#### [What the task requires]
Once you reach the line with "in pink color", copy it and every line after it exactly, up to the end of the data. Omit the pictures.

#### Supplied material

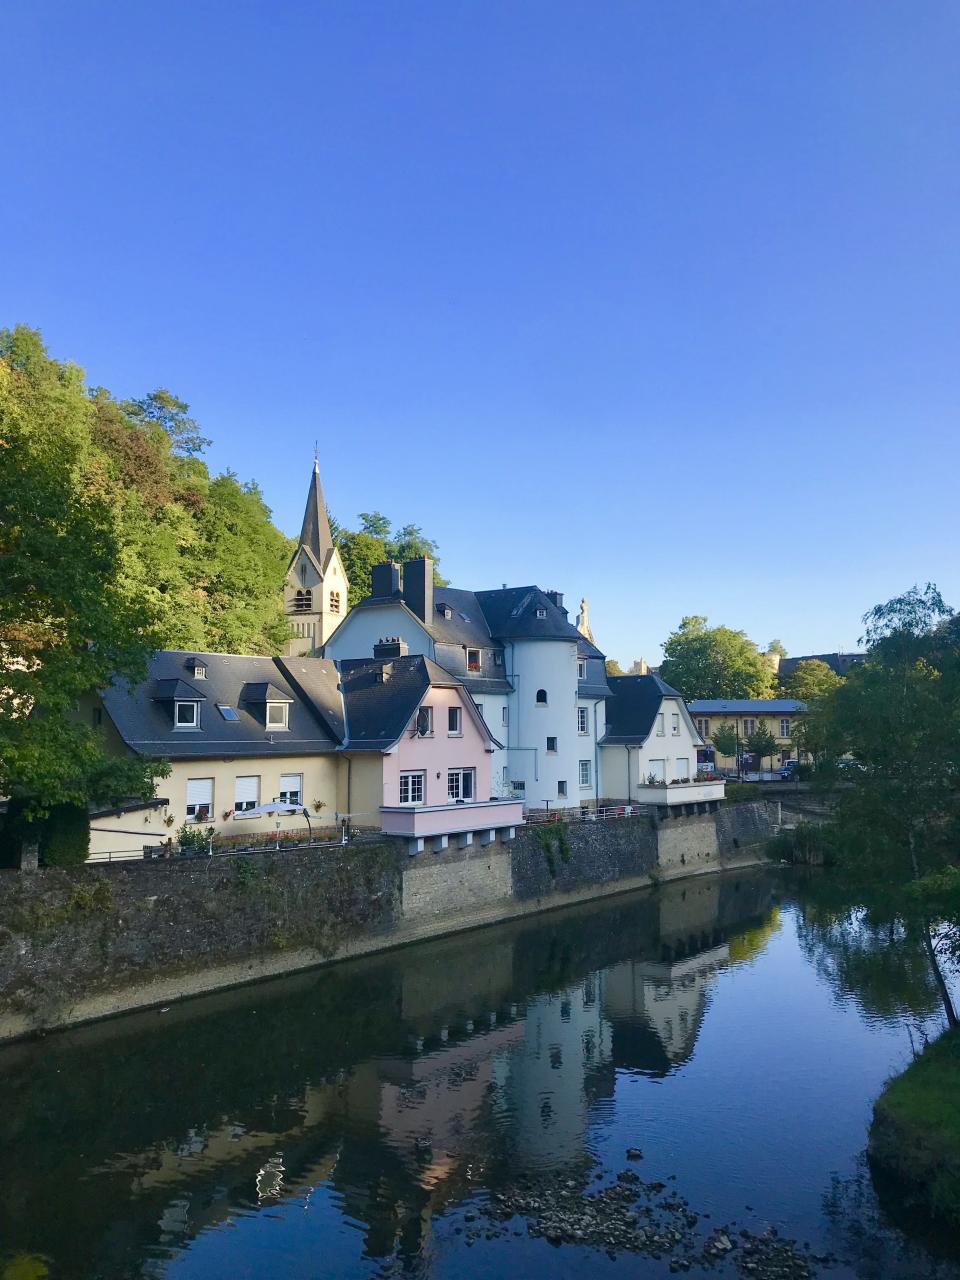 The views near the Azette River in Luxembourg City offer a stunning window into old and modern European life. This photo was taken on Sept. 21, 2019. | Sarah Gambles, Deseret News
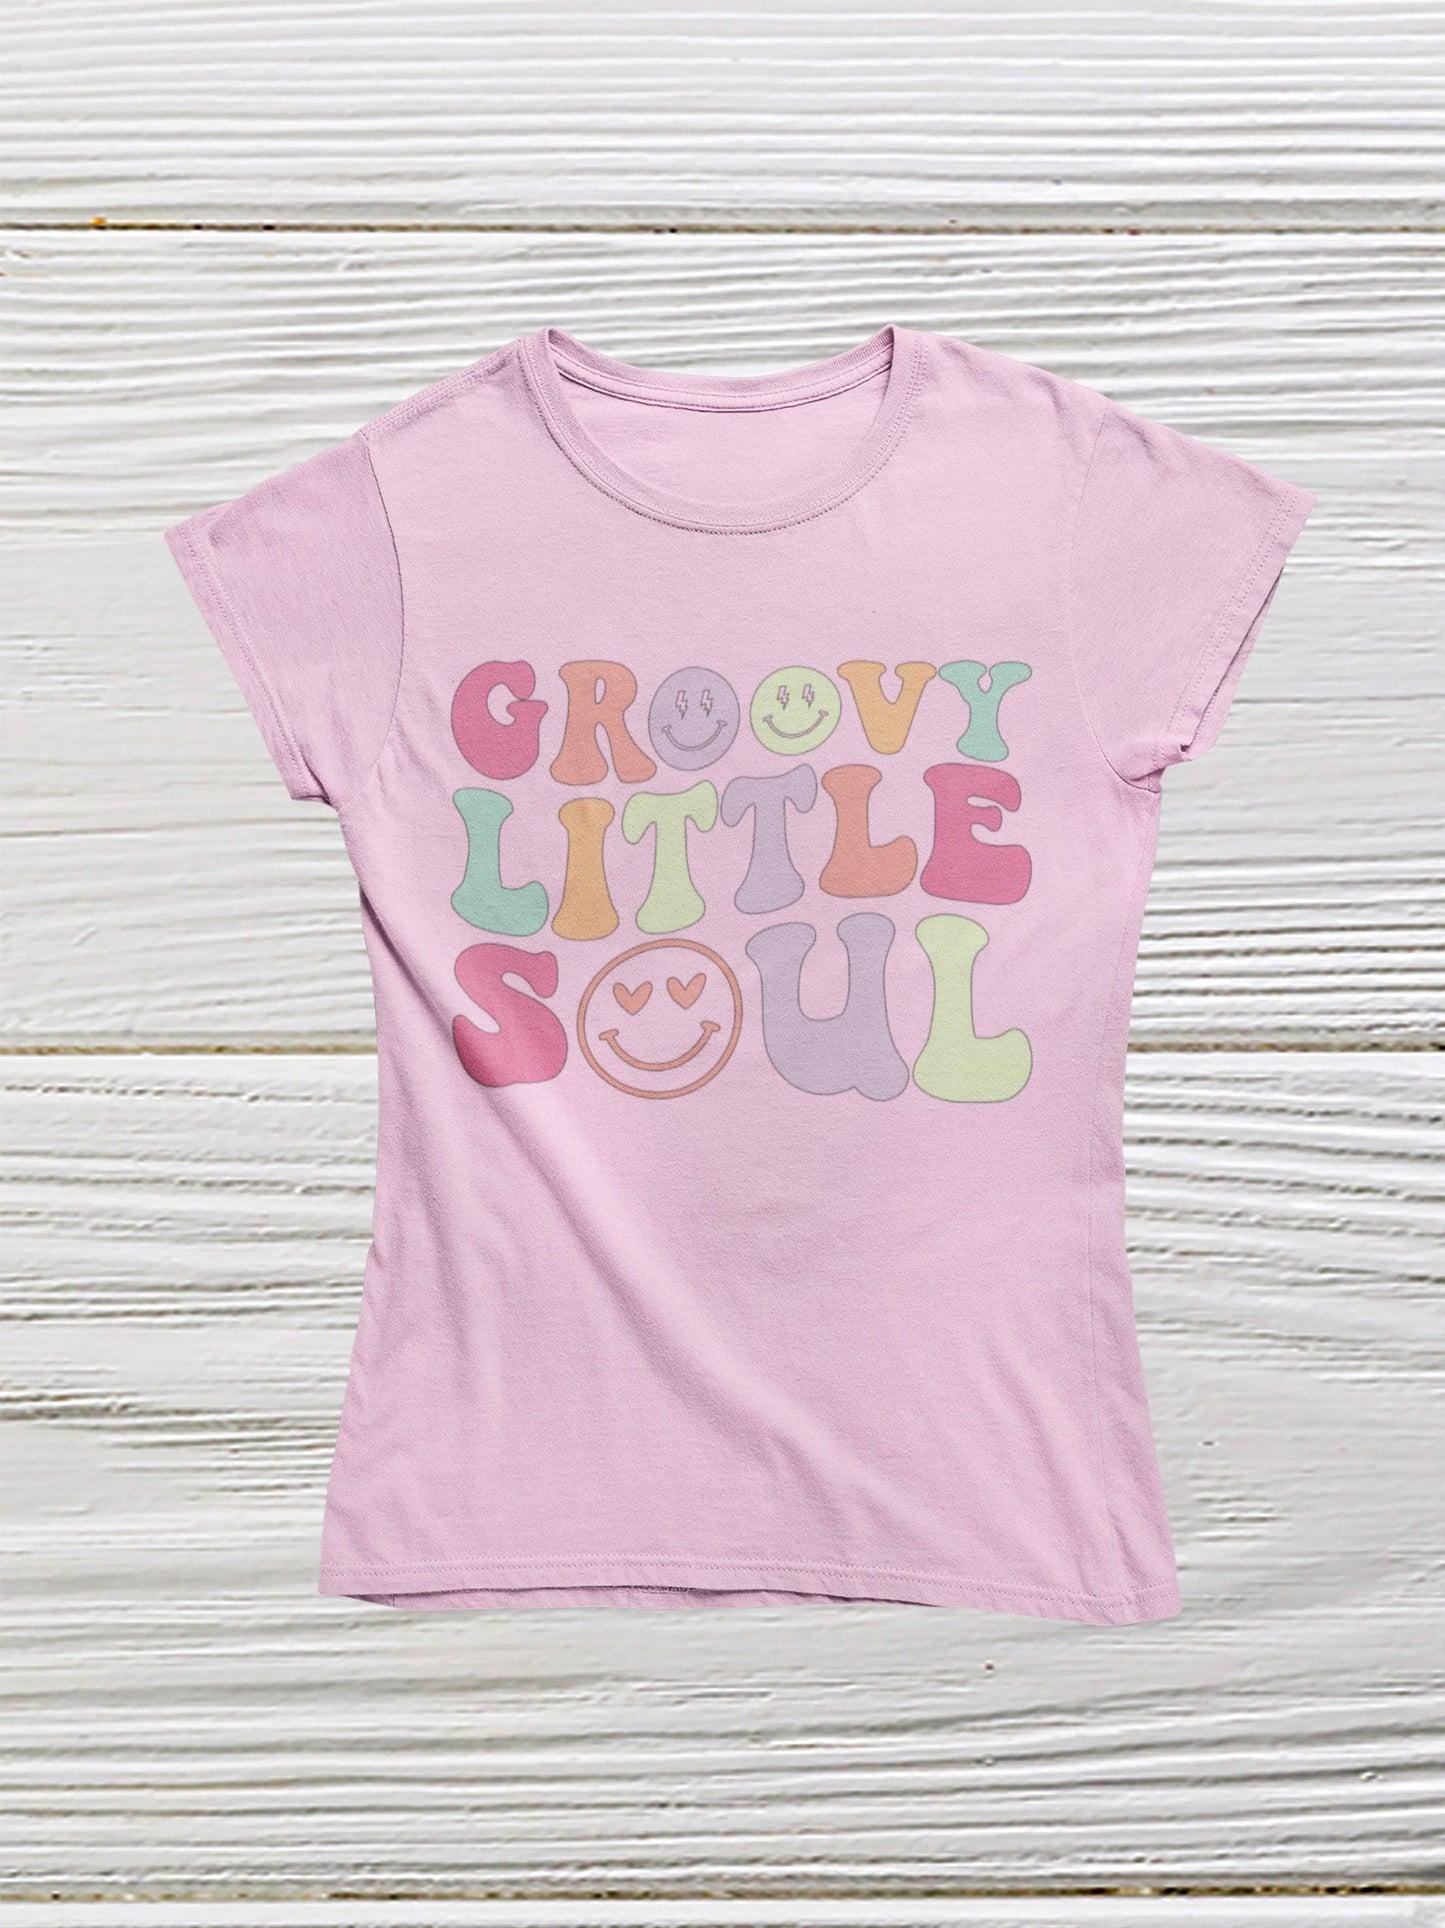 Groovy shirt  in pink color 
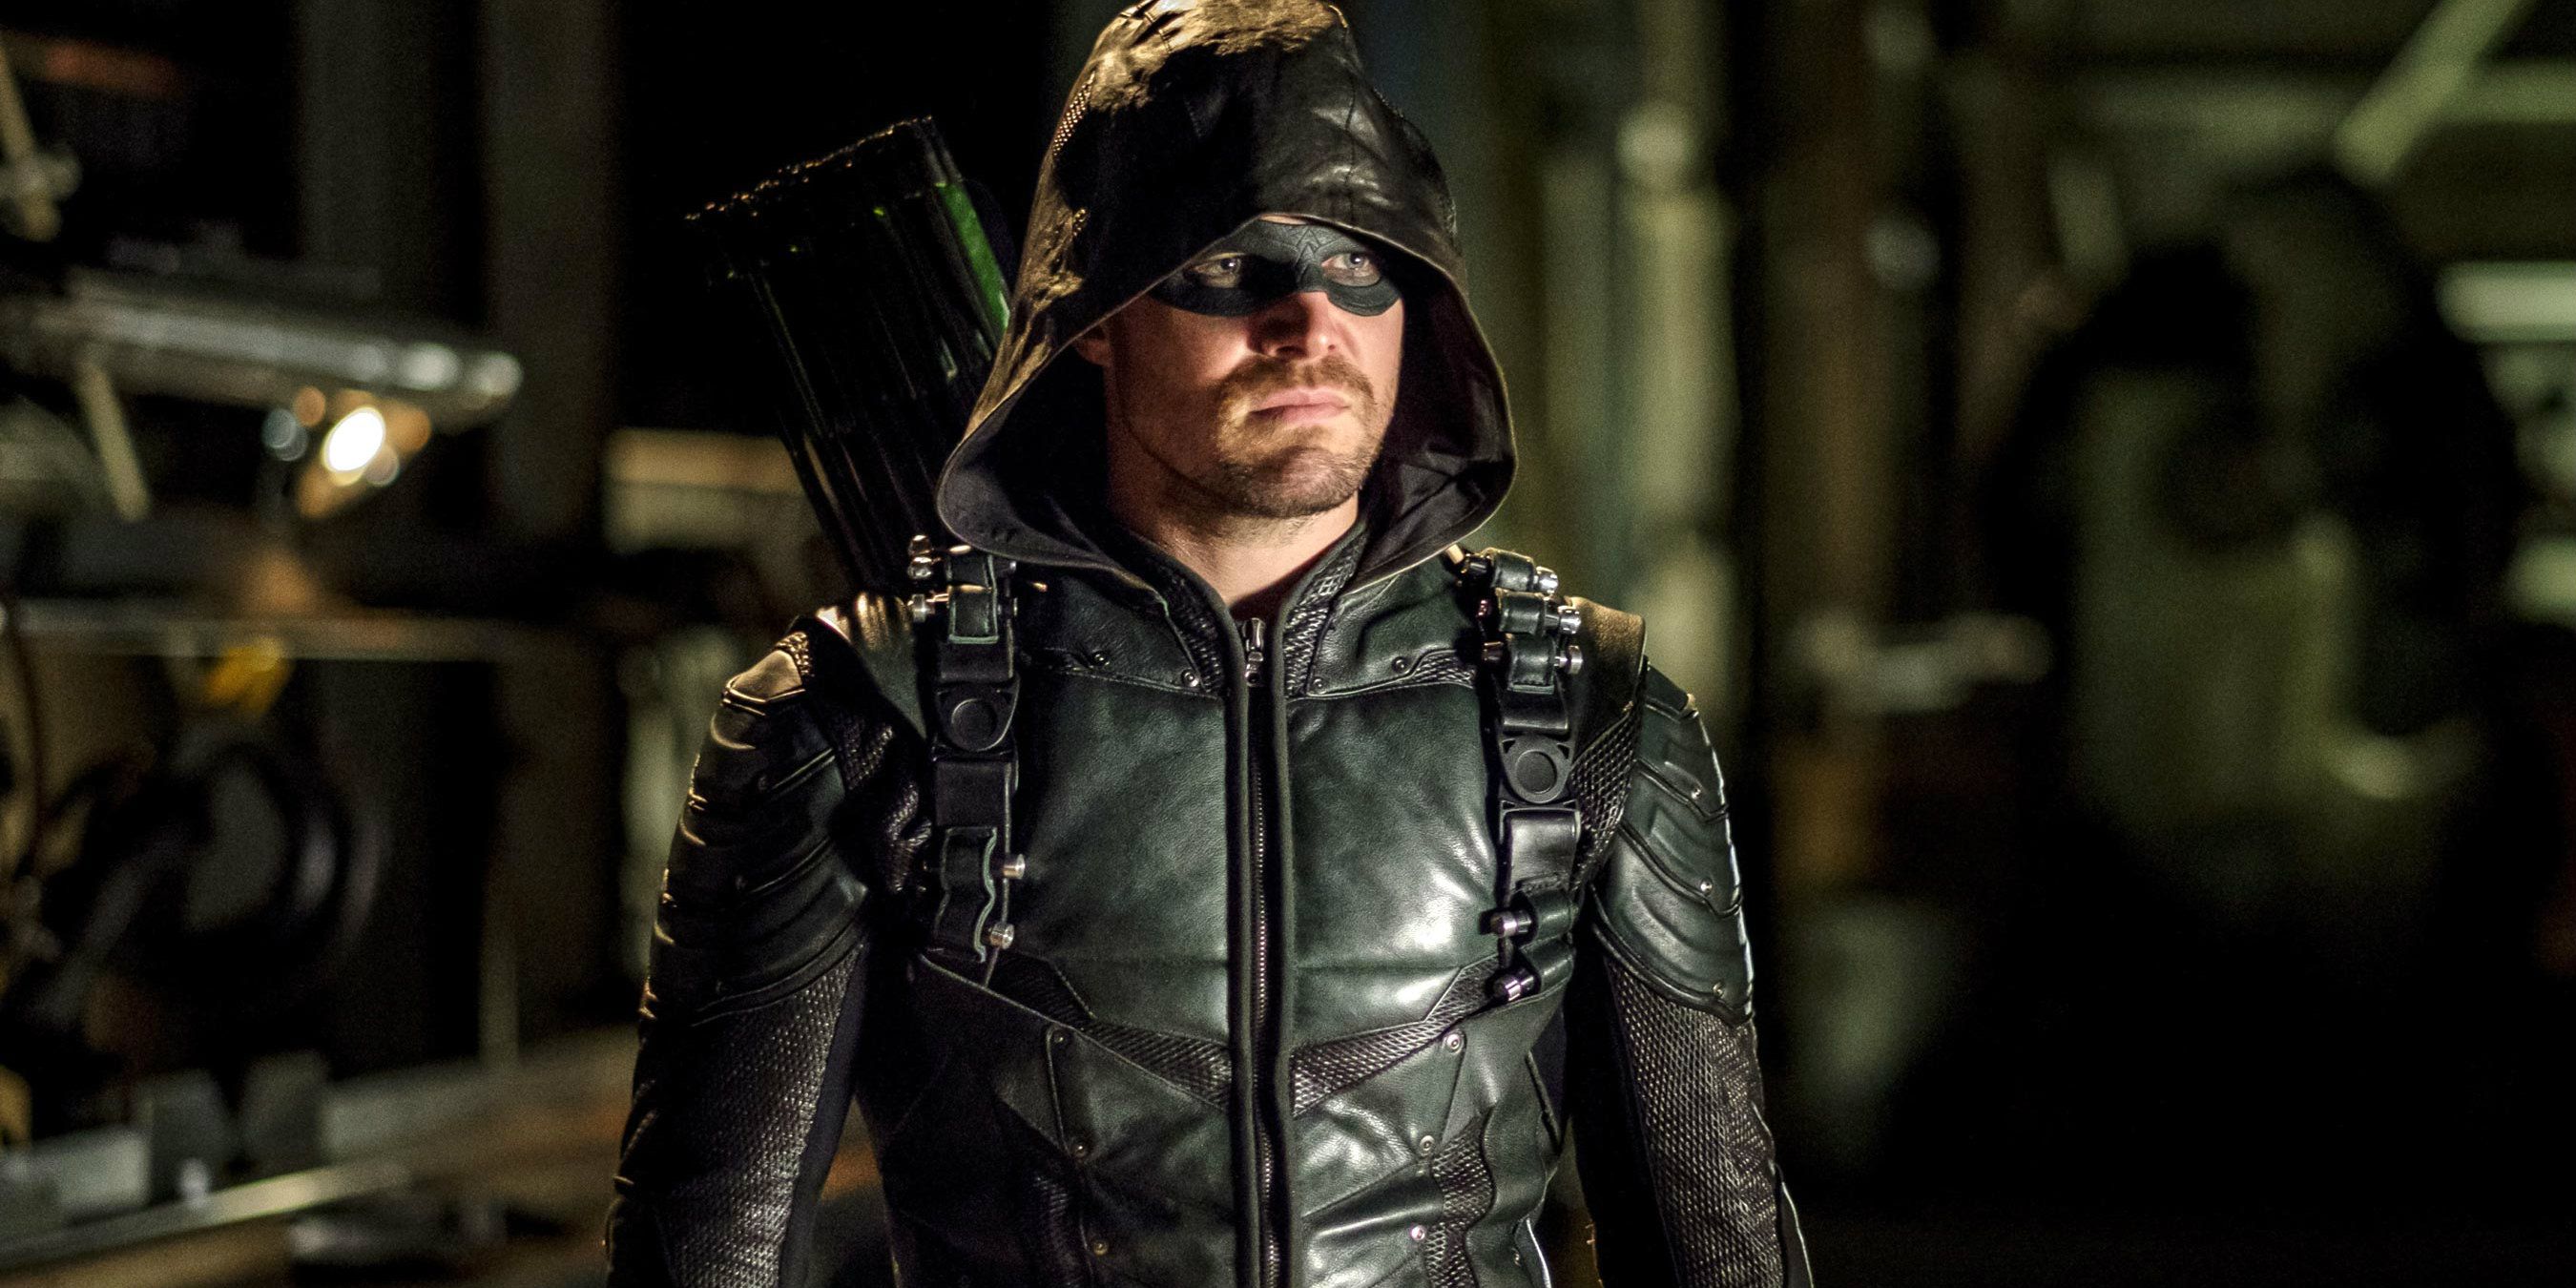 10 Characters We Want To See Return On Arrow Before It Ends

########

#### [Reply]
 Groovy shirt  in pink color 
 10 Characters We Want To See Return On Arrow Before It Ends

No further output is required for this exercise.